Christine Howe is Professor of Education (Emerita) at Cambridge University. Her research lies at the intersection of psychology, education, and linguistics, with major interests including children’s communicative, linguistic and peer relational skills, children’s reasoning in science and mathematics, and dialogue and learning during peer collaboration and teacher-led instruction. Christine has received more-or-less continuous funding from the ESRC (the UK’s premier sponsor of social science research) for over 30 years, as well as securing awards from British Academy, Leverhulme, Nuffield, and various governmental and local authority sources. Her most recent ESRC-funded project addressed ‘Classroom dialogue: Does it really make a difference for student learning?’ Christine has published seven books and over 200 peer-reviewed articles and chapters, and she has acted as editor for three academic journals while also serving on many editorial boards. She has held strategic appointments at the local, national and international levels relating to research and research training.

Adam Lefstein, Department of Education, Ben-Gurion University of the Negev, Israel

Adam Lefstein is Associate Professor and Chair of the Department of Education at the Ben-Gurion University of the Negev in Israel, where he conducts research and teaches about pedagogy, classroom interaction, teacher learning and educational change.  He is particularly interested in the intersection between research and professional practice, and how to conduct research that is meaningful, rigorous and helpful for educators.  He co-directs (with Dana Vedder-Weiss) the Laboratory for the Study of Pedagogy, an interdisciplinary research group that investigates Israeli pedagogy, schooling, educational policy and change, and processes of knowledge sharing with practitioners, policy-makers and the public.  His current and recent research includes a study of Israeli culture and primary pedagogy, an investigation of video-based dialogic debrief conversations, a design-based implementation study of teacher leadership and professional discourse, an experimental study of academically productive talk in primary language classrooms and an ethnographic investigation of language, class and classroom participation.

Eugene Matusov, School of Education University of Delaware, Newark, DE, United States

Eugene Matusov is a Professor of Education at the University of Delaware. He studied developmental psychology with Soviet researchers working in the Vygotskian paradigm and worked as a schoolteacher before immigrating to the United States. He uses sociocultural and Bakhtinian dialogic approaches to education. His recent books are: Matusov, E. (2017). Nikolai N. Konstantinov’s authorial math pedagogy for people with wings, Matusov, E. & Brobst, J. (2013). Radical experiment in dialogic pedagogy in higher education and its Centauric failure: Chronotopic analysis, and Matusov, E. (2009). Journey into dialogic pedagogy.

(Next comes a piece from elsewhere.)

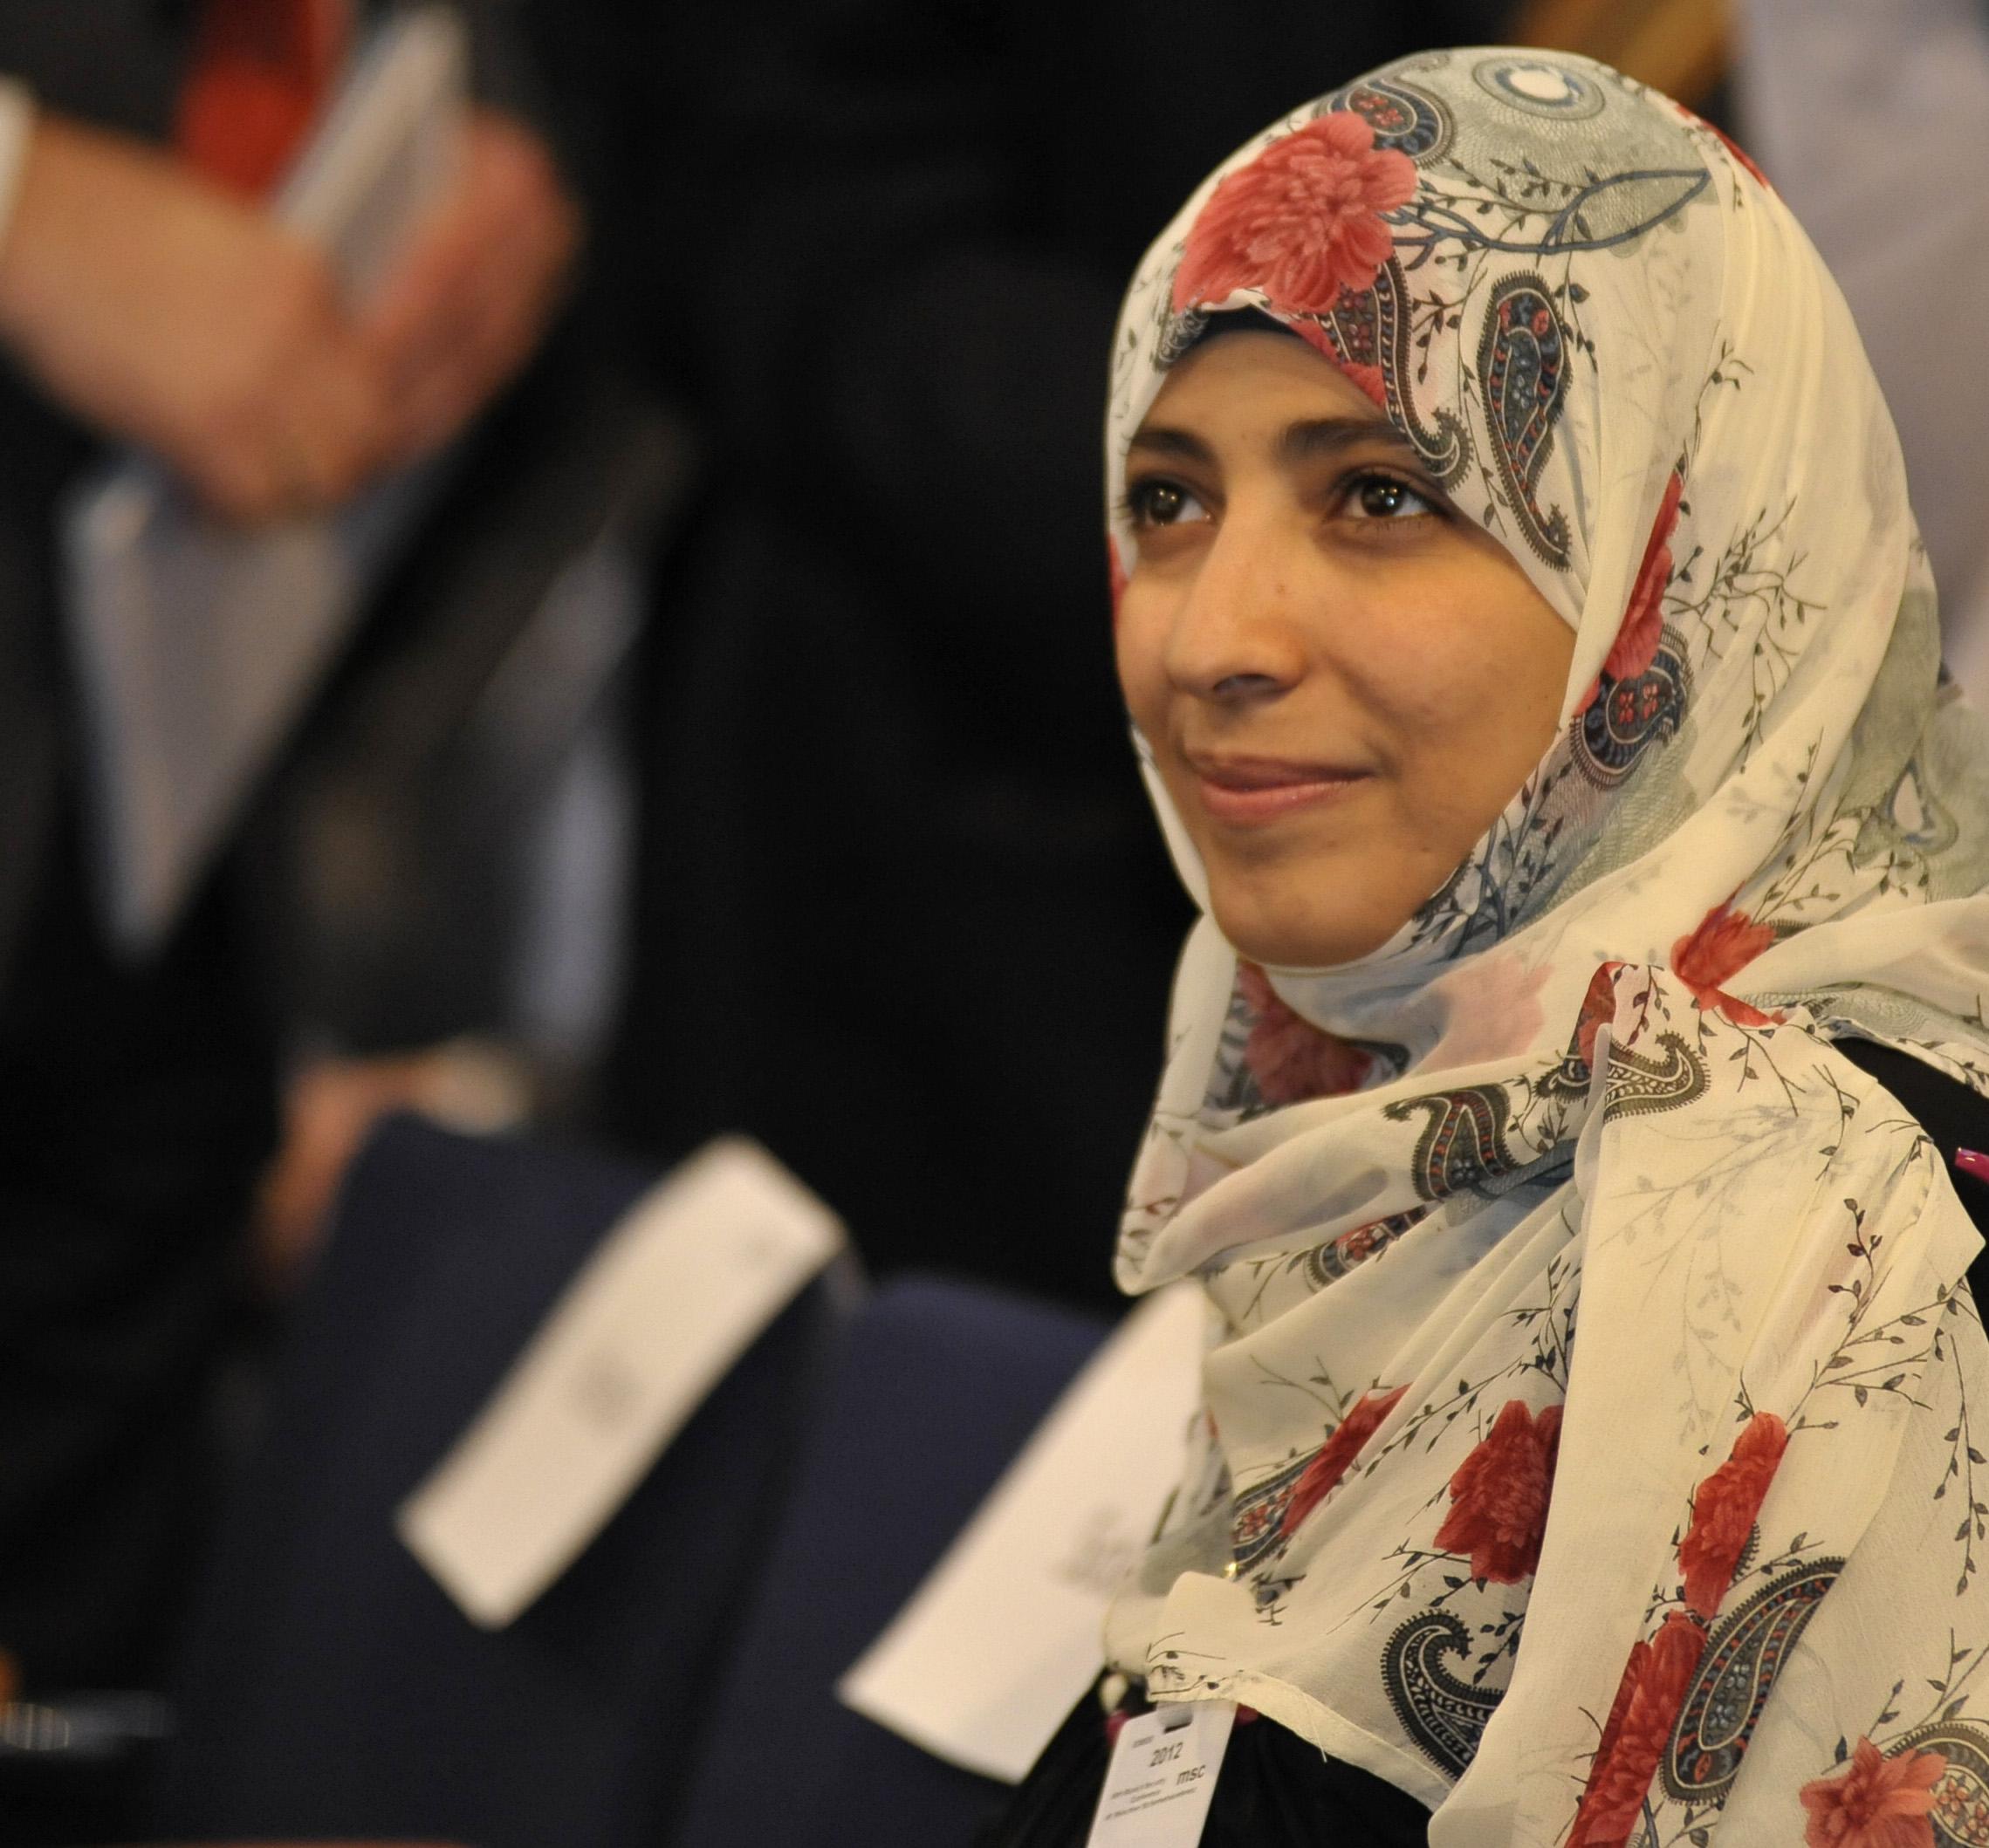 La activista yemení Tawakkul Karman, Nobel de la Paz 2011

Alina Reznitskaya, Montclair State University, USA

Alina Reznitskaya is a Professor at Montclair State University, USA. She received her doctoral degree in Educational Psychology from the University of Illinois and did her post-doctoral research at Yale University. Alina has acquired expertise in educational psychology, quantitative research methodology, and educational measurement, and she teaches undergraduate and graduate courses on these topics. Alina’s research interests include investigating the role social interaction plays in the development of argument literacy, designing measures of argumentation, and examining professional development efforts that help teachers learn to facilitate argumentation during class discussions. Alina has been awarded research grants by the Spencer Foundation and the U.S. Department of Education, Institute of Education Sciences. Dr. Reznitskaya’s work has appeared in a variety of journals and edited books, including Educational Psychologist, The Reading Teacher, Contemporary Educational Psychology, Cambridge Journal of Education, Elementary School Journal, Discourse Processes, Comprehension Instruction: Research-Based Best Practices, and Positive Psychology in Practice.